--- Dataset excerpt ---
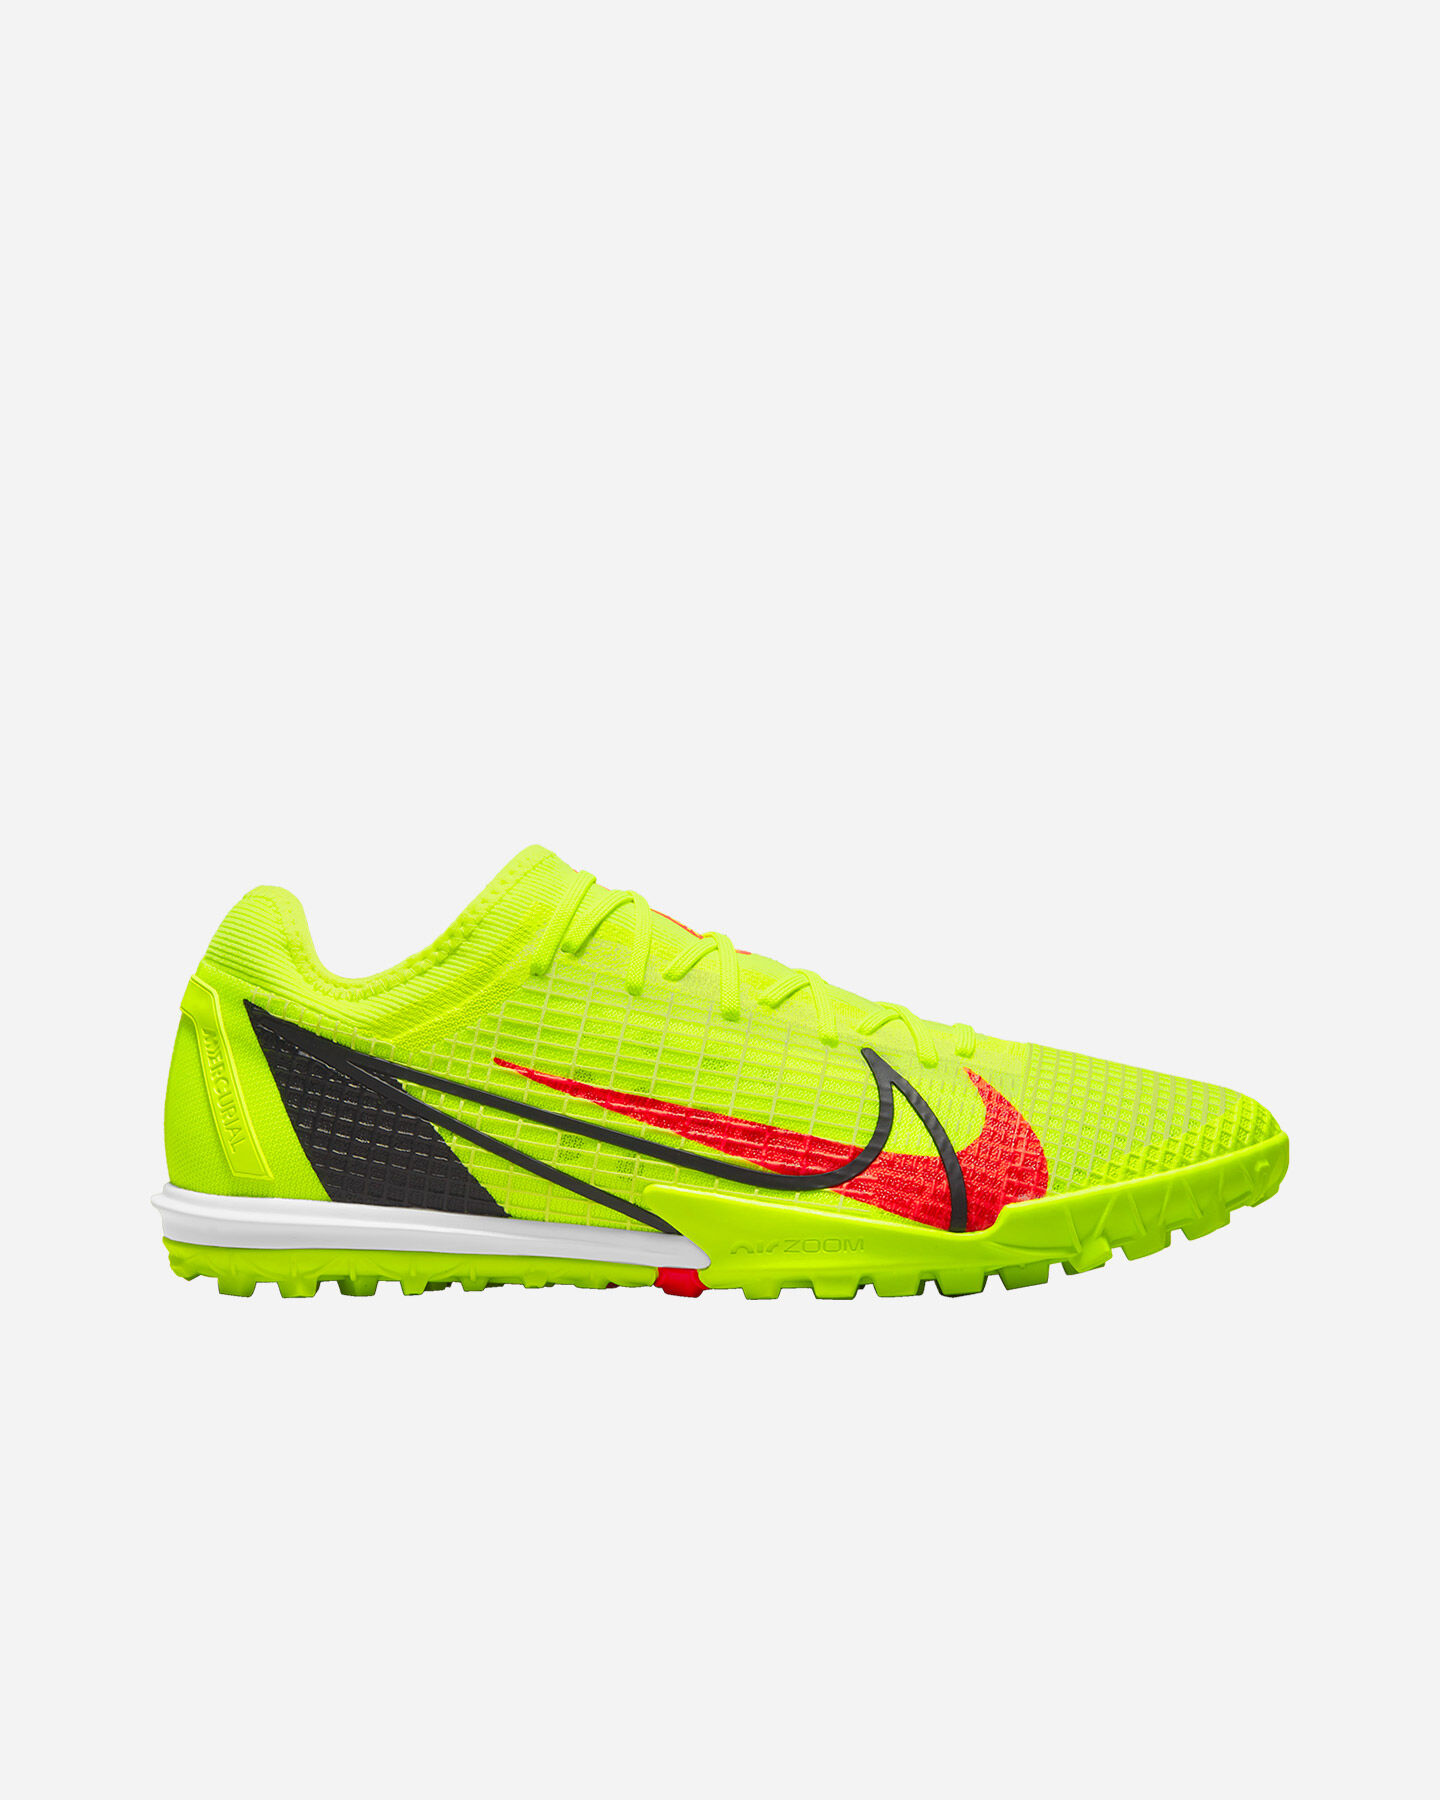 Collezione Nike Mercurial: scarpe da calcio uomo e donna | Cisalfa Sport
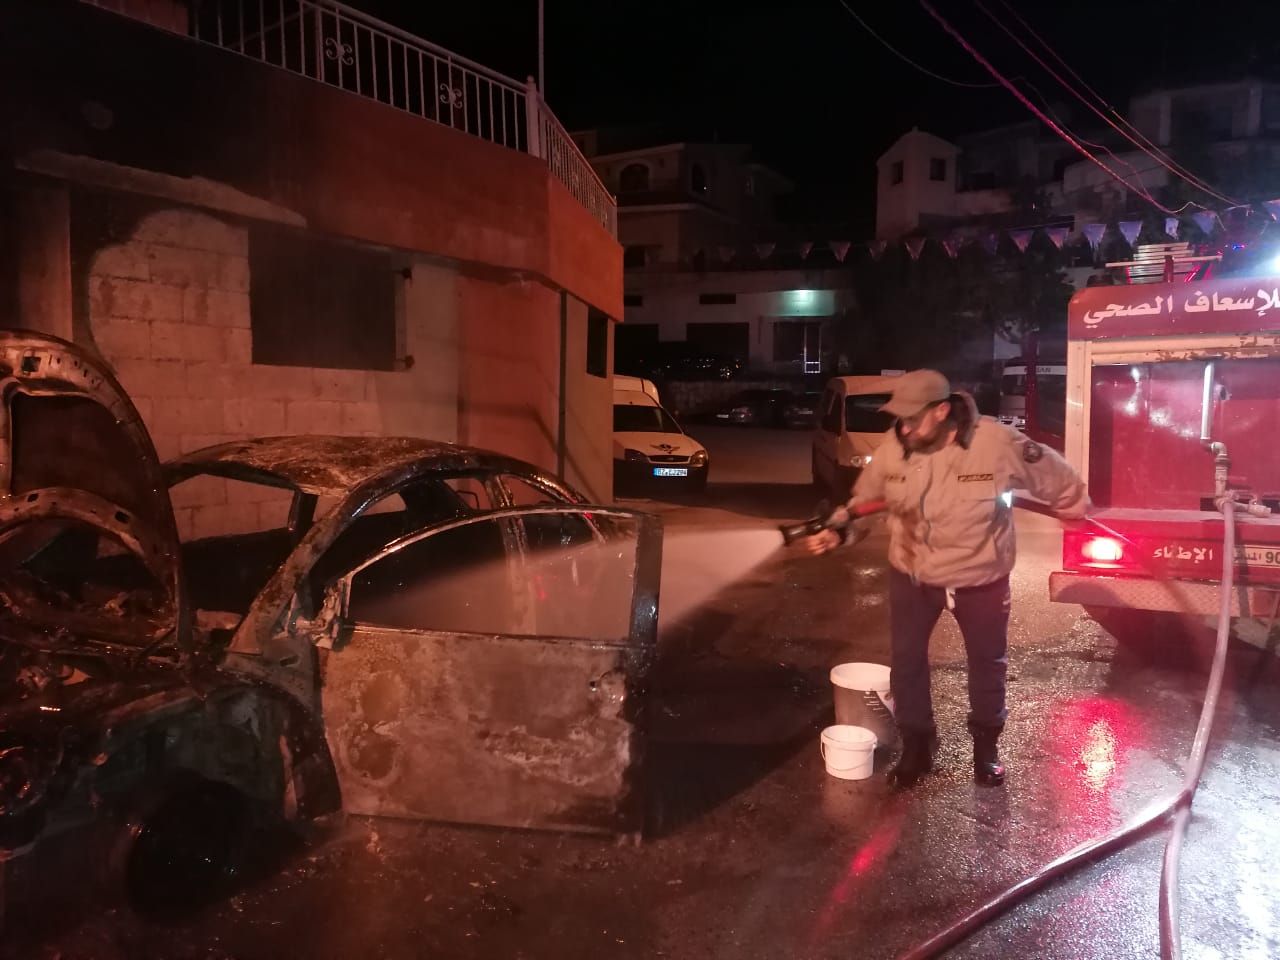 إحتراق سيارة صباح اليوم في بلدة معركة حي المحفرة و عملت جمعية الرسالة للإسعاف الصحي على إطفائها.
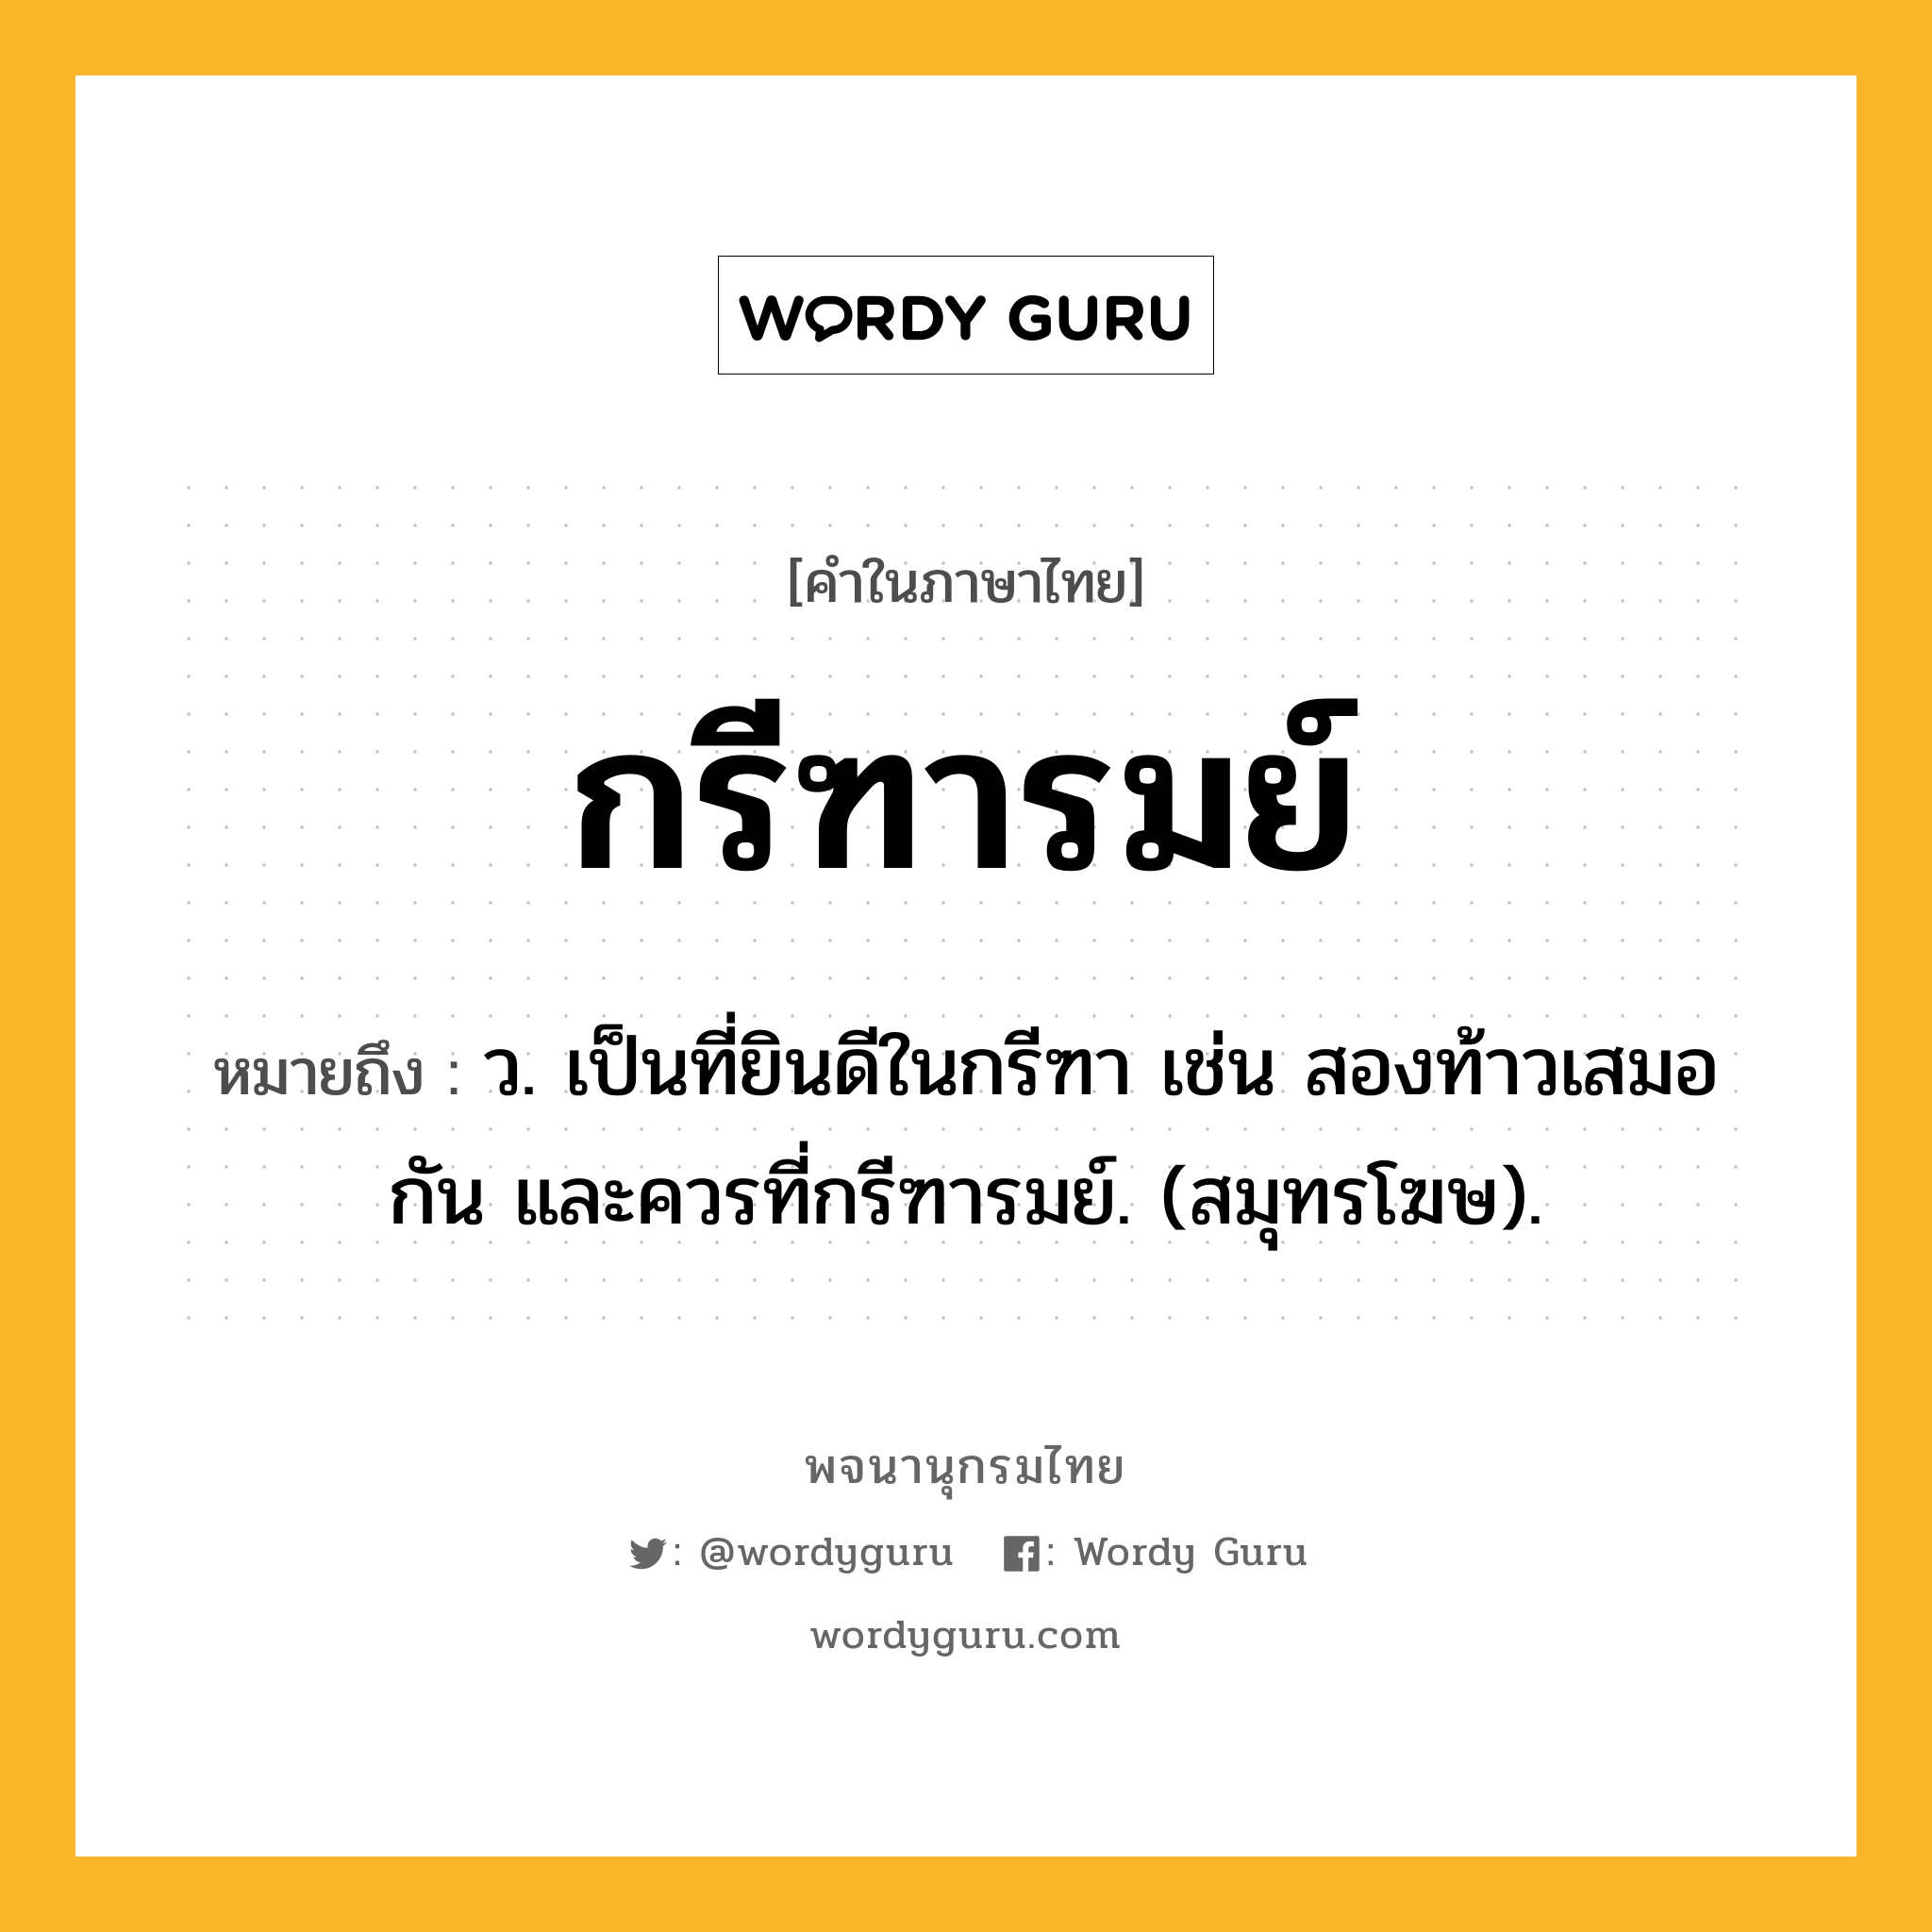 กรีฑารมย์ ความหมาย หมายถึงอะไร?, คำในภาษาไทย กรีฑารมย์ หมายถึง ว. เป็นที่ยินดีในกรีฑา เช่น สองท้าวเสมอกัน และควรที่กรีฑารมย์. (สมุทรโฆษ).
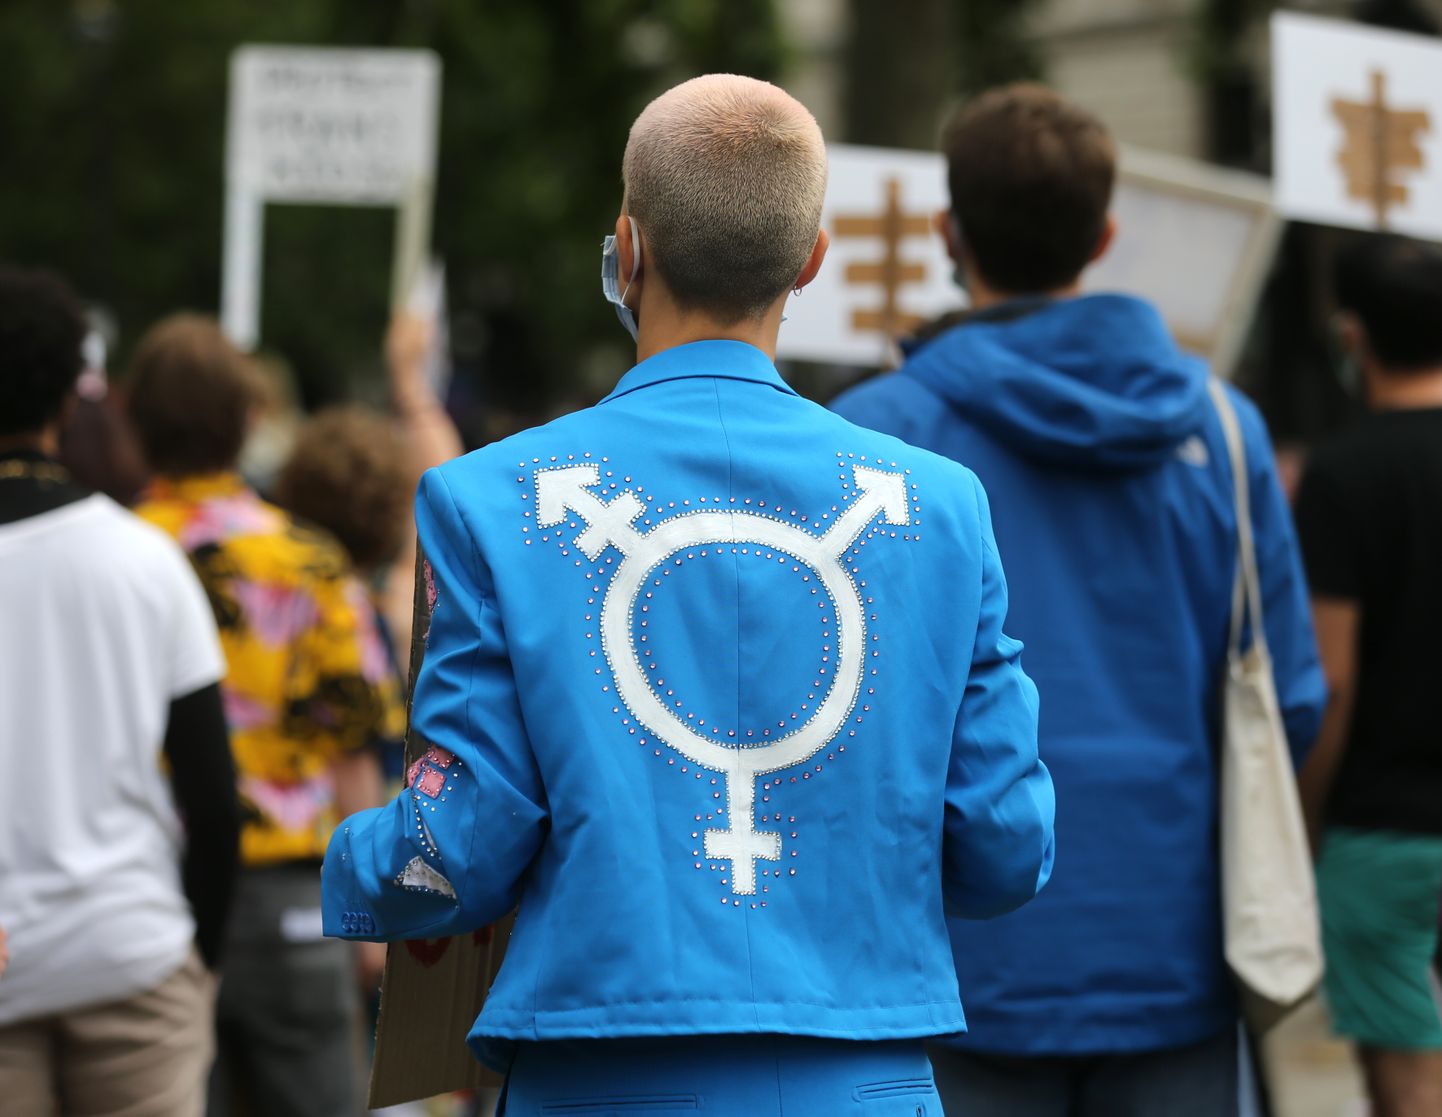 Демонстрант в ярко-синей куртке с изображением гендерно-нейтрального символа. Иллюстративное фото.

--- Directions for this task ---
Please output all of the data exactly as given, omitting any images it holds.

--- Answer below ---
 Collezione Nike Mercurial: scarpe da calcio uomo e donna | Cisalfa Sport
 إحتراق سيارة صباح اليوم في بلدة معركة حي المحفرة و عملت جمعية الرسالة للإسعاف الصحي على إطفائها.
 กรีฑารมย์ ความหมาย หมายถึงอะไร?, คำในภาษาไทย กรีฑารมย์ หมายถึง ว. เป็นที่ยินดีในกรีฑา เช่น สองท้าวเสมอกัน และควรที่กรีฑารมย์. (สมุทรโฆษ).
 Демонстрант в ярко-синей куртке с изображением гендерно-нейтрального символа. Иллюстративное фото.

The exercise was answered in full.